Changes to UK insolvency laws on “no deal” exit

Posted in Financial restructuring and insolvency

The Insolvency (Amendment) (EU Exit) Regulations 2018 (the Insolvency Amendment Regulations) published 19th November 2018 seek to deal with necessary amendments to EU insolvency legislation currently having direct effect in the UK. They will come into force on 29th March, 2019, Brexitt day, and set out how the EU Insolvency Regulation (EU) 2015/848 (the EIR) will operate on a “no deal” exit. Broadly, the effect of the draft Insolvency Amendment Regulations is to give jurisdiction to UK courts to open insolvency proceedings following the Brexit date, where the proceedings are opened for the purposes of rescue, adjustment of debt, reorganisation or liquidation and—

(a) the centre of the debtor’s main interests is in the United Kingdom; or

(b) the centre of the debtor’s main interests is in a Member State and there is an establishment in the United Kingdom.

These tests are consistent with the EIR for determining the proper jurisdiction for a debtor's insolvency proceedings and the applicable law to be used in those proceedings. However, the Insolvency Amendment Regulations go on to say this jurisdiction will be in addition to any grounds for jurisdiction to open such proceedings which apply in the laws of any part of the United Kingdom. This effectively extends the UK court’s jurisdiction (i) to wind up any foreign company which might be wound up as an unregistered company under UK insolvency laws regardless of whether the centre of main interests is in a Member State, provided the court considers there to be sufficient connection to warrant this; and (ii) to place a company incorporated in an EEA state, or having its centre of main interests in an EEA state, into administration in the UK. This will leave the way open to races to open proceedings in competing states.
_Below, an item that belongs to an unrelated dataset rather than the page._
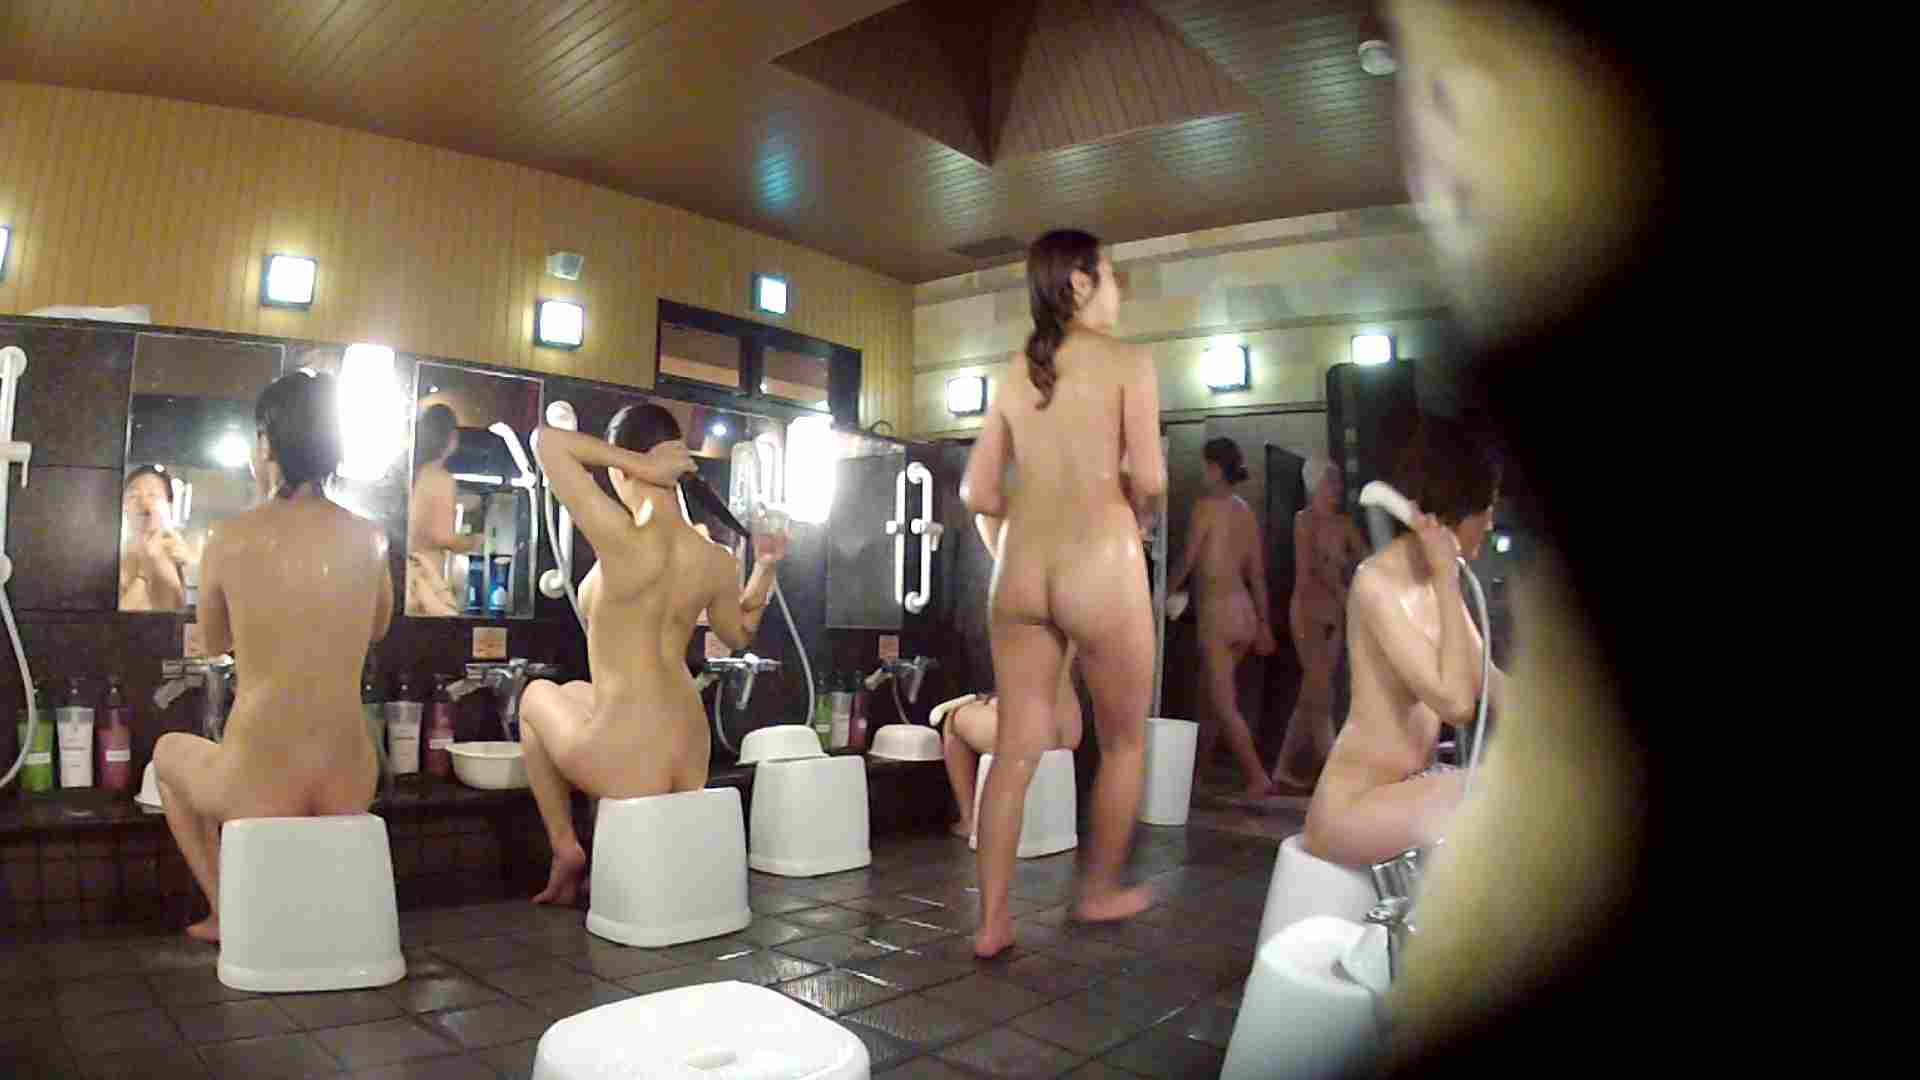 ハイビジョン 洗い場!清楚です!絶対処女です・・・であって欲しい。 銭湯のぞき 性交動画流出 49画像 15

For proceedings opened under the EIR prior to Brexit day, transitional provisions provide that the UK court will continue to apply the terms of the EIR unless the court considers the interests of a creditor, the debtor, or shareholders of a corporate debtor, would be materially prejudiced; or if the court considers it would be manifestly contrary to public policy. The UK courts would then have authority to apply relevant UK law and make any other order thought fit. Insolvency Service guidance explains this is necessary since Member States will no longer afford UK insolvency proceedings recognition on a “no deal” exit.